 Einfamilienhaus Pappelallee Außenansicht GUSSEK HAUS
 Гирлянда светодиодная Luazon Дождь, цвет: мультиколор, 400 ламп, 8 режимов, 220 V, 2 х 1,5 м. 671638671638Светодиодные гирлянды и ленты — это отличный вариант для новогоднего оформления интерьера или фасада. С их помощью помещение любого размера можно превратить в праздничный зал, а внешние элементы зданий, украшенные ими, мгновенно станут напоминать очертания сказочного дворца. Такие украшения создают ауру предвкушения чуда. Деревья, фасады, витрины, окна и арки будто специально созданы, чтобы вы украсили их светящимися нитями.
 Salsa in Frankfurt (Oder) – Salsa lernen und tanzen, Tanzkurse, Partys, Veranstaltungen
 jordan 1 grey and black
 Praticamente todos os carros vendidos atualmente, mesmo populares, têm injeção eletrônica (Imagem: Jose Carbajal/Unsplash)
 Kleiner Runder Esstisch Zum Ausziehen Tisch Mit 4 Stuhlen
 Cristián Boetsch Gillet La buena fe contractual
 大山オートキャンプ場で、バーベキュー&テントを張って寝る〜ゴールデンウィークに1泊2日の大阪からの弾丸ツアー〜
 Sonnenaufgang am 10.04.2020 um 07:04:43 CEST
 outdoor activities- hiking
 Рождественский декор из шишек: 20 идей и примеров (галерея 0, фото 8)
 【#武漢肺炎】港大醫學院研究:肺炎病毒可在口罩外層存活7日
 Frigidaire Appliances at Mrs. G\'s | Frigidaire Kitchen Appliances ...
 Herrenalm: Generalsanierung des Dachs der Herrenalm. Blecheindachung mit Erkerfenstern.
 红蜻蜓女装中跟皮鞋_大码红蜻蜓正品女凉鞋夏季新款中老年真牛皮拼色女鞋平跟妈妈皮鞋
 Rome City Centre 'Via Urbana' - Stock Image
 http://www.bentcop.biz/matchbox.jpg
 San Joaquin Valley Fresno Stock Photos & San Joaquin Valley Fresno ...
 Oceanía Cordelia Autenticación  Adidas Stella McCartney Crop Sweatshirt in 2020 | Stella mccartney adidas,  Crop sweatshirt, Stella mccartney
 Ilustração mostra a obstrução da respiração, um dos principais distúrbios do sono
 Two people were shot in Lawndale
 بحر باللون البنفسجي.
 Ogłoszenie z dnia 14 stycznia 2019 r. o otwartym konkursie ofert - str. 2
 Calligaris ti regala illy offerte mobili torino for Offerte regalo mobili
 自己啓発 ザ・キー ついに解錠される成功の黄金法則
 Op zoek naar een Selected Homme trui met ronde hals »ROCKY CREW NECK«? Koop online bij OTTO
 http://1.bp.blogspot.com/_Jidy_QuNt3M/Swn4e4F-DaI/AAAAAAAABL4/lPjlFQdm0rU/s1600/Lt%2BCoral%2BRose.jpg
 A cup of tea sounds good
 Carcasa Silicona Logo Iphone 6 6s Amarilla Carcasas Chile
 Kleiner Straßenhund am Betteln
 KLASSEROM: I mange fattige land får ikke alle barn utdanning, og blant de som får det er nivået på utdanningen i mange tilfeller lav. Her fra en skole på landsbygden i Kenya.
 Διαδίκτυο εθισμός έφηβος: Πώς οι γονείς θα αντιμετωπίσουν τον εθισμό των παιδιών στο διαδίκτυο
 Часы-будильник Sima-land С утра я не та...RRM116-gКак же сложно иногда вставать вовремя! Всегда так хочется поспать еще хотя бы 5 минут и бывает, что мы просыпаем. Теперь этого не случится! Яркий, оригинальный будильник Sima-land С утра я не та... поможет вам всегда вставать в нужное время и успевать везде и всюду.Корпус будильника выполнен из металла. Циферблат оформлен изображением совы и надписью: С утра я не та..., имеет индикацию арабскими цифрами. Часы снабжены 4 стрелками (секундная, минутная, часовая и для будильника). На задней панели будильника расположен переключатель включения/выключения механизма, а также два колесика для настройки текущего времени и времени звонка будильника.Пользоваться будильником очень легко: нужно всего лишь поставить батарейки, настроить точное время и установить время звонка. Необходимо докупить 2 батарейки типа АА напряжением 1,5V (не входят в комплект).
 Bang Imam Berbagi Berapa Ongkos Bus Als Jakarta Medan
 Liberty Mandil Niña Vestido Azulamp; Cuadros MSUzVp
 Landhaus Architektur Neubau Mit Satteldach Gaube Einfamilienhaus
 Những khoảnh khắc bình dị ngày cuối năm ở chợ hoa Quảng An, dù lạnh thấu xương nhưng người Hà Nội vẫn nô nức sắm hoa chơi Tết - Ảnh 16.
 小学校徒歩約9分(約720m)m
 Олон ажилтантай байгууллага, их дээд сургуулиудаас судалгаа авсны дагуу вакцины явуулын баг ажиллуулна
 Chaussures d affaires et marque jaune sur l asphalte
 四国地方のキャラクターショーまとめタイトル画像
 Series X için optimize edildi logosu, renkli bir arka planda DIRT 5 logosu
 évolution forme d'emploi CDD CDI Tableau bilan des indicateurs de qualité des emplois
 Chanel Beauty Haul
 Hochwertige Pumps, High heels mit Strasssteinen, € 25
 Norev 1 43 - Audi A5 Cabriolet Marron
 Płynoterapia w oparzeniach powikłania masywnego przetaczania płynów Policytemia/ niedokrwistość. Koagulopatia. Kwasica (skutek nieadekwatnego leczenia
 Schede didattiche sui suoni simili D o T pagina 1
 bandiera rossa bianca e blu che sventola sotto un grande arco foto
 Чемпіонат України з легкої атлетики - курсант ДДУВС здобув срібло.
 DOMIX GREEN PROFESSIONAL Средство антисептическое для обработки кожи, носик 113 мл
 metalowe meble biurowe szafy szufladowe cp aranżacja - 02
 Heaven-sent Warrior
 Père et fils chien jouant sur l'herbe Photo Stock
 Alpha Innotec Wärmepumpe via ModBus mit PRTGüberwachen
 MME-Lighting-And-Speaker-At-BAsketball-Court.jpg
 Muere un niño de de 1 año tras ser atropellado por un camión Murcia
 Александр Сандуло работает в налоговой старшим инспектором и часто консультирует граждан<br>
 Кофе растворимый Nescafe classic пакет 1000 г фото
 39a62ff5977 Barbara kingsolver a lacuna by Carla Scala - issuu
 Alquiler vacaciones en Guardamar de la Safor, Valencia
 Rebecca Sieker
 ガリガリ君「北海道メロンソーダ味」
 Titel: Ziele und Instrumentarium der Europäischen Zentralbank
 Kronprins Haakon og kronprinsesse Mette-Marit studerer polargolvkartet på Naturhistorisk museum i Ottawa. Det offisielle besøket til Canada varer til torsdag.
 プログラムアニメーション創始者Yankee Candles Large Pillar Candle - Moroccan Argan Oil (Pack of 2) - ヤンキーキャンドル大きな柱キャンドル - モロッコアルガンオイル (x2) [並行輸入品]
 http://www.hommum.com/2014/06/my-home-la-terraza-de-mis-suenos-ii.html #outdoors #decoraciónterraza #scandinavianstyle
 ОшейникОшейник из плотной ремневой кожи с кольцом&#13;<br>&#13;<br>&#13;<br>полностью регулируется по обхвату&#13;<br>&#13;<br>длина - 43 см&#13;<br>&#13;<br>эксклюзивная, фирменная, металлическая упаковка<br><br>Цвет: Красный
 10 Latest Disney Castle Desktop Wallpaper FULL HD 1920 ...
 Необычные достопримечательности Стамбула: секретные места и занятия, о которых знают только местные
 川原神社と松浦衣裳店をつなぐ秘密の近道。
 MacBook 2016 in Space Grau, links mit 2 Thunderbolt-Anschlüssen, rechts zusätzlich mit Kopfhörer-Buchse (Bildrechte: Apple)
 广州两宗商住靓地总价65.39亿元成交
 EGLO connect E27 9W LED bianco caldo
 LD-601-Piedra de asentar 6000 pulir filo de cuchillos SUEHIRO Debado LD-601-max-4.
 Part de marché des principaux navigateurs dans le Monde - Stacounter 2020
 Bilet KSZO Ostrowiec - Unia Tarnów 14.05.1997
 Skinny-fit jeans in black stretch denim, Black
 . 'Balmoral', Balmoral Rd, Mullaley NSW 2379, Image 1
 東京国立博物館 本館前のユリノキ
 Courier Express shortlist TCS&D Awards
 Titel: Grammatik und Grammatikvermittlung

▶ [EXERCISE OBJECTIVE]: Which lines above include the word "Titel"? Pick them out and copy them.

▶ [EXERCISE RESULT]:
 Titel: Ziele und Instrumentarium der Europäischen Zentralbank
 Titel: Grammatik und Grammatikvermittlung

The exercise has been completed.